Exercise objective -
What is needed is an exact reproduction of the lines in the records below, starting at the line with "e5f2c42d30 Chinelo Feminino" and ending at the line with "These Sonic Funko", both included, and nothing else; pictures stay out.

Excerpted data -
◇ ◇ ◇
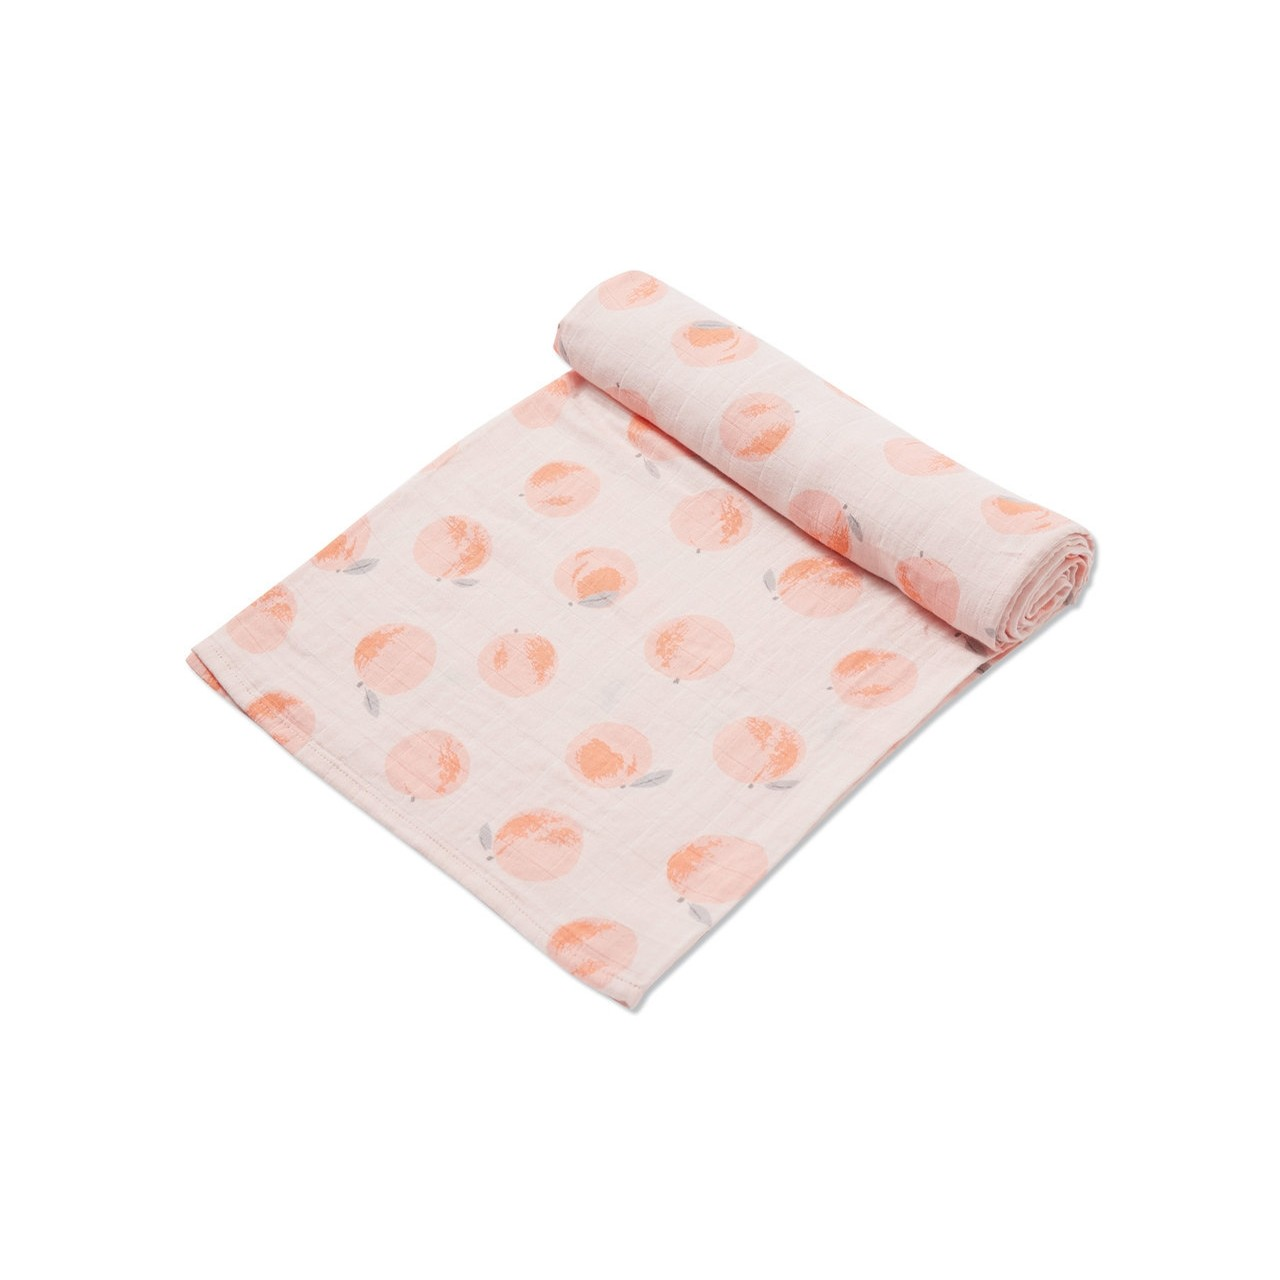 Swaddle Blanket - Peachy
◇ ◇ ◇
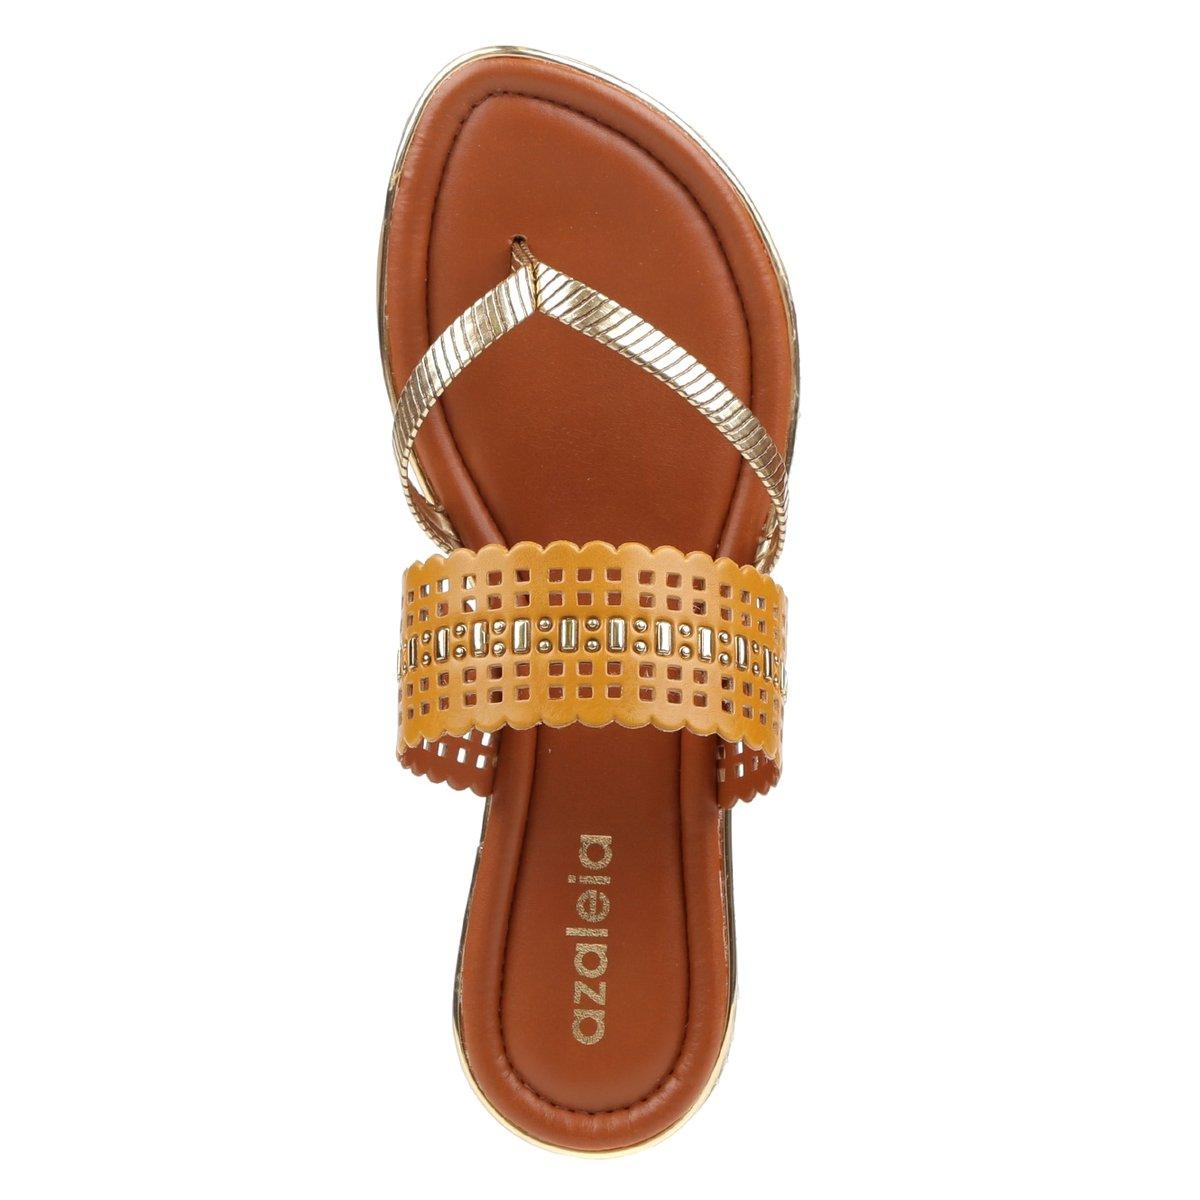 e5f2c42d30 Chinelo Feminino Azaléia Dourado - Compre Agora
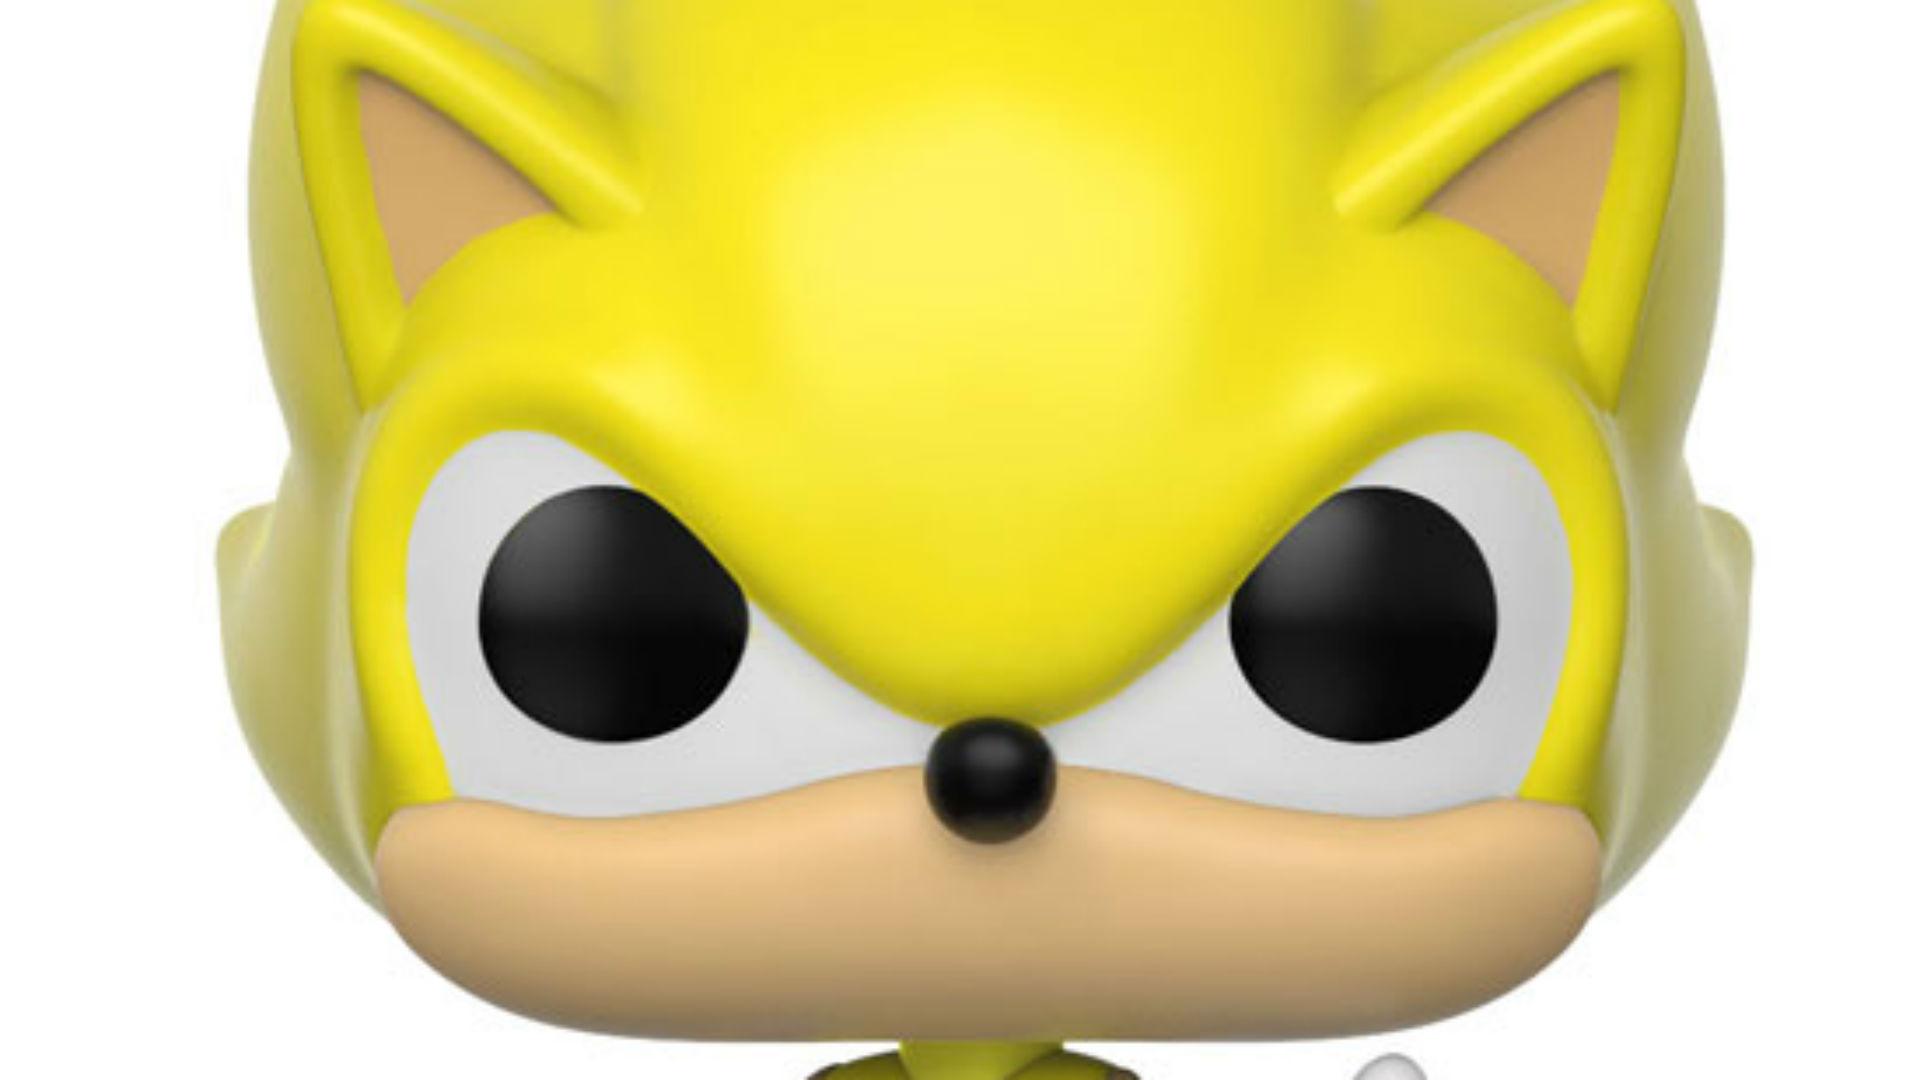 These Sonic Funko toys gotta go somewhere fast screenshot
◇ ◇ ◇
Expected answer -
 e5f2c42d30 Chinelo Feminino Azaléia Dourado - Compre Agora
 These Sonic Funko toys gotta go somewhere fast screenshot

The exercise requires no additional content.